La 설명된 분산 첫 번째 것부터 $k$ 구성 요소 및:

\\text{분산 설명} = \\frac{\\sum_{i=1}^{k} \\lambda_i}{\\sum_{i=1}^{d} \\lambda_i}

실제로는 다음을 선택합니다. $k$ 예를 들어 95% 또는 99%를 유지하려면 총 차이.


import numpy as np

# Dataset sintetico: 200 campioni, 5 feature (correlate)
np.random.seed(42)
n, d = 200, 5
X = np.random.randn(n, 2) @ np.array([[2, 1, 0.5, 0.3, 0.1],
                                        [0.5, 1.5, 1, 0.2, 0.8]])
X += np.random.randn(n, d) * 0.3  # Rumore

# PCA da zero
# 1. Centrare i dati
X_centered = X - X.mean(axis=0)

# 2. Matrice di covarianza
C = np.cov(X_centered, rowvar=False)
print(f"Matrice di covarianza:\n{np.round(C, 3)}\n")

# 3. Autovalori e autovettori
eigenvalues, eigenvectors = np.linalg.eigh(C)
# Ordinare in ordine decrescente
idx = np.argsort(eigenvalues)[::-1]
eigenvalues = eigenvalues[idx]
eigenvectors = eigenvectors[:, idx]

print(f"Autovalori: {np.round(eigenvalues, 4)}")

# 4. Varianza spiegata
var_explained = eigenvalues / eigenvalues.sum()
cumulative = np.cumsum(var_explained)
for i in range(d):
    print(f"PC{i+1}: {var_explained[i]*100:.1f}% (cumulativa: {cumulative[i]*100:.1f}%)")

# 5. Proiezione a 2D
k = 2
W_k = eigenvectors[:, :k]
Z = X_centered @ W_k
print(f"\nShape originale: {X.shape} -> Ridotta: {Z.shape}")

# 6. Errore di ricostruzione
X_reconstructed = Z @ W_k.T + X.mean(axis=0)
reconstruction_error = np.mean((X - X_reconstructed)**2)
print(f"Errore di ricostruzione (MSE): {reconstruction_error:.6f}")

Scikit-Learn을 사용한 PCA


from sklearn.decomposition import PCA
from sklearn.preprocessing import StandardScaler
import numpy as np

# Standardizzazione (importante! PCA e sensibile alla scala)
scaler = StandardScaler()
X_scaled = scaler.fit_transform(X)

# PCA automatica
pca = PCA(n_components=0.95)  # Mantieni 95% varianza
X_pca = pca.fit_transform(X_scaled)

print(f"Componenti selezionate: {pca.n_components_}")
print(f"Varianza spiegata: {pca.explained_variance_ratio_}")
print(f"Shape: {X.shape} -> {X_pca.shape}")

PCA 너머: t-SNE 및 UMAP

PCA는 다음으로 제한됩니다. 선형 변환. 데이터의 비선형 구조의 경우 t-SNE, UMAP 등의 방법이 사용됩니다.

t-SNE

t-SNE (t-분산 확률적 이웃 임베딩)은 거리 지역: 원래 공간의 가까운 점은 2D 표현에서도 가까운 상태로 유지됩니다. 원래 공간과 축소된 공간의 유사성 분포 간의 KL 발산을 최소화합니다.
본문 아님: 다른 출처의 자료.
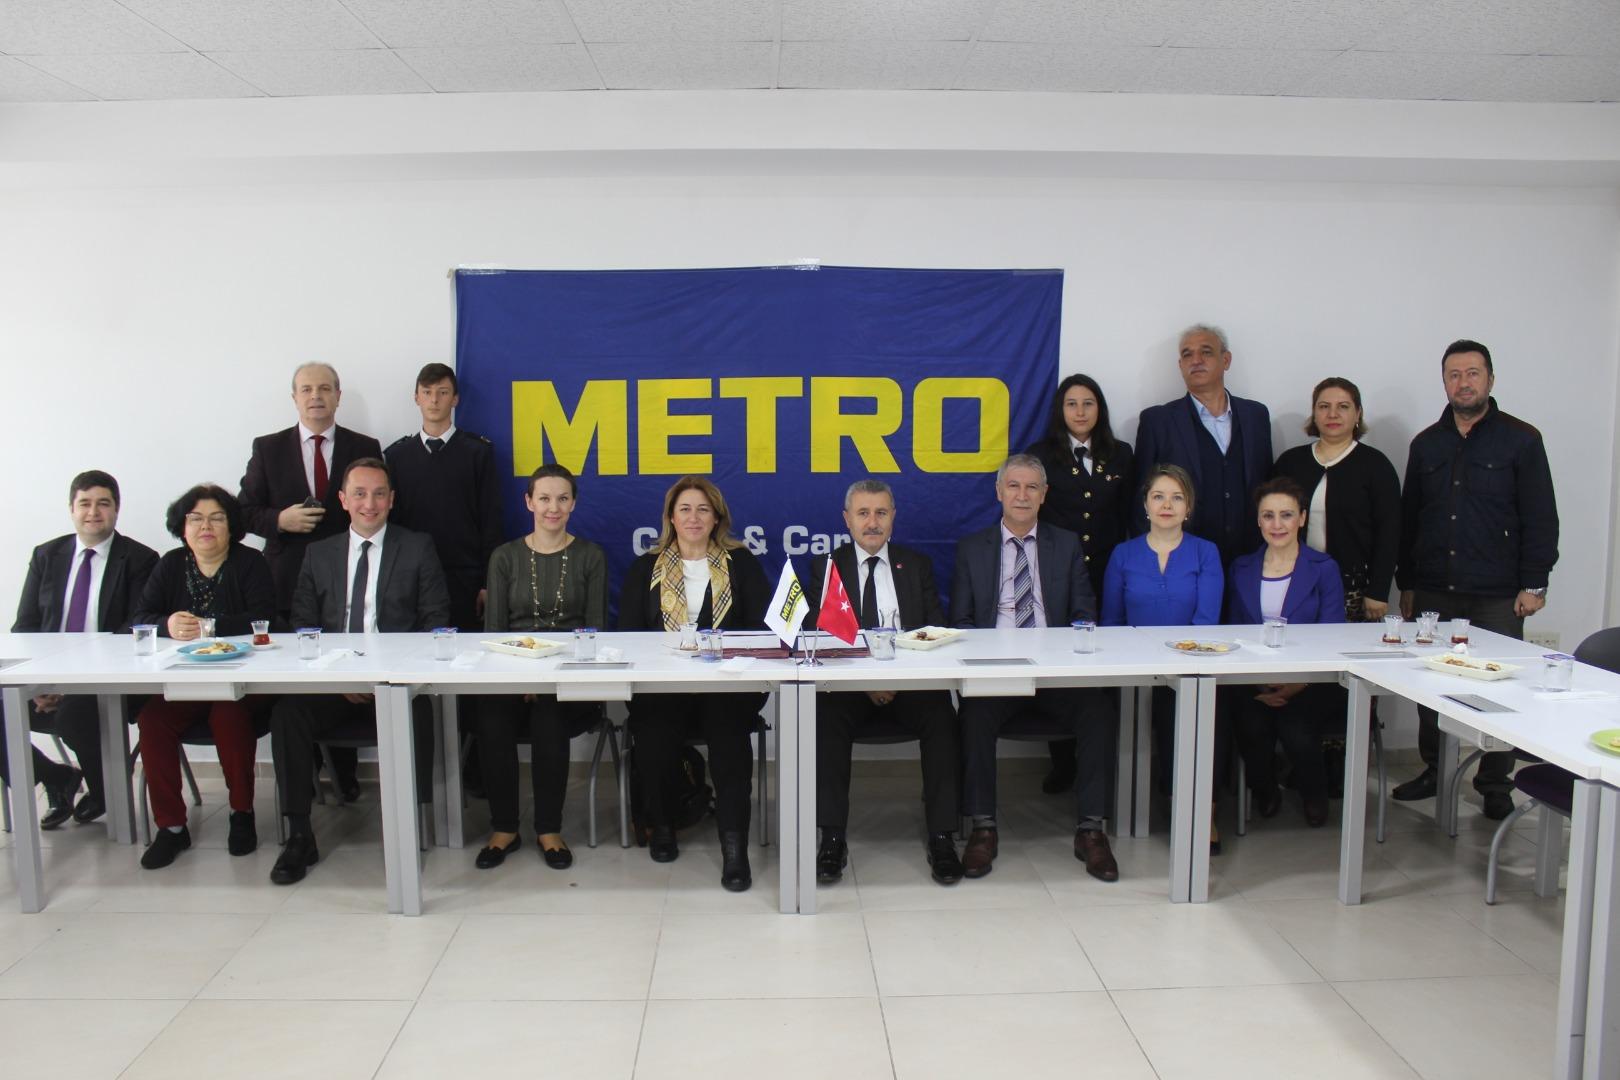 Metro Türkiye, geleceğe yatırım yapmaya devam ediyor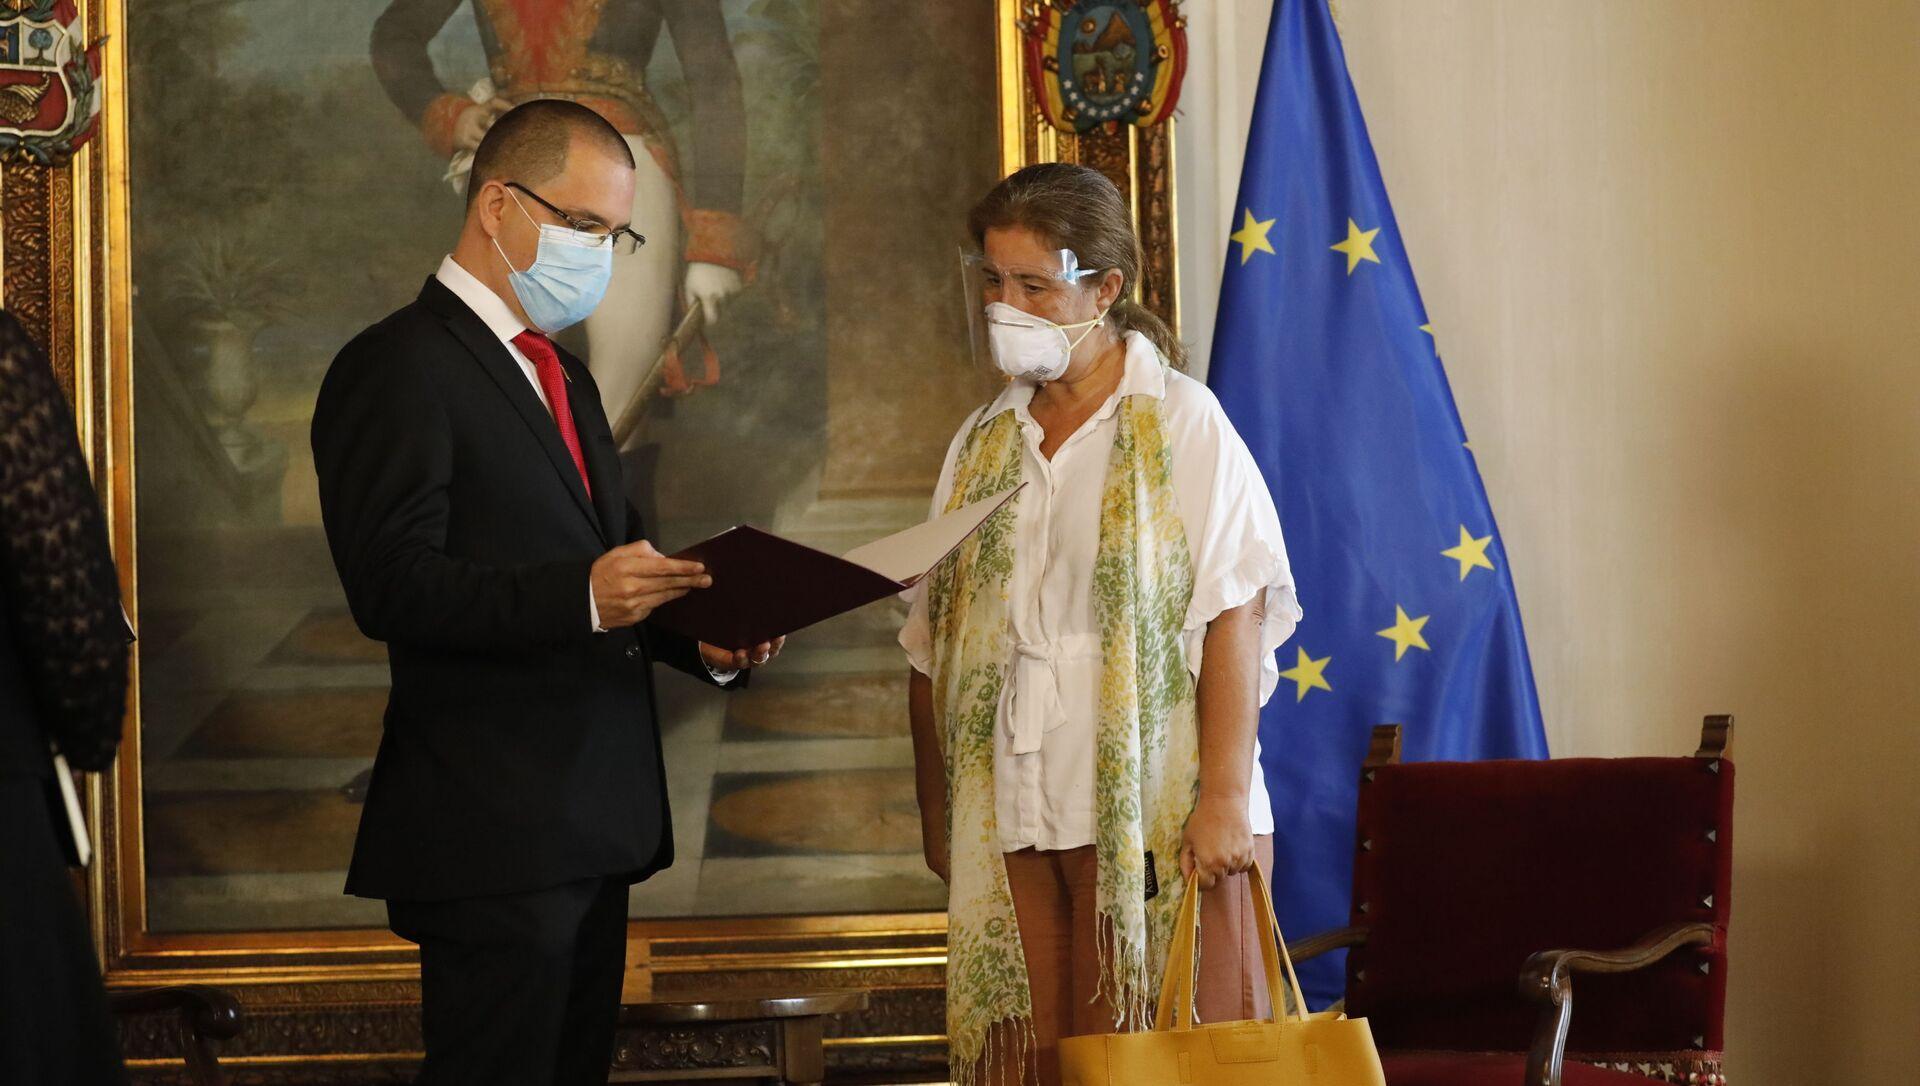 Ministar spoljnih poslova Venecuele Horhe Areasa uručuje notu ambasadorki EU u Venecueli Isabel Briljante - Sputnik Srbija, 1920, 24.02.2021

p_{j|i} = \\frac{\\exp(-\\|\\mathbf{x}_i - \\mathbf{x}_j\\|^2 / 2\\sigma_i^2)}{\\sum_{k \\neq i} \\exp(-\\|\\mathbf{x}_i - \\mathbf{x}_k\\|^2 / 2\\sigma_i^2)}

q_{ij} = \\frac{(1 + \\|\\mathbf{y}_i - \\mathbf{y}_j\\|^2)^{-1}}{\\sum_{k \\neq l} (1 + \\|\\mathbf{y}_k - \\mathbf{y}_l\\|^2)^{-1}}

UMAP

UMAP (Uniform Manifold Approximation and Projection) 및 t-SNE e보다 빠릅니다. 더 잘 보존한다 글로벌 구조. 대수적 토폴로지를 기반으로 하며 퍼지 그래프 이론.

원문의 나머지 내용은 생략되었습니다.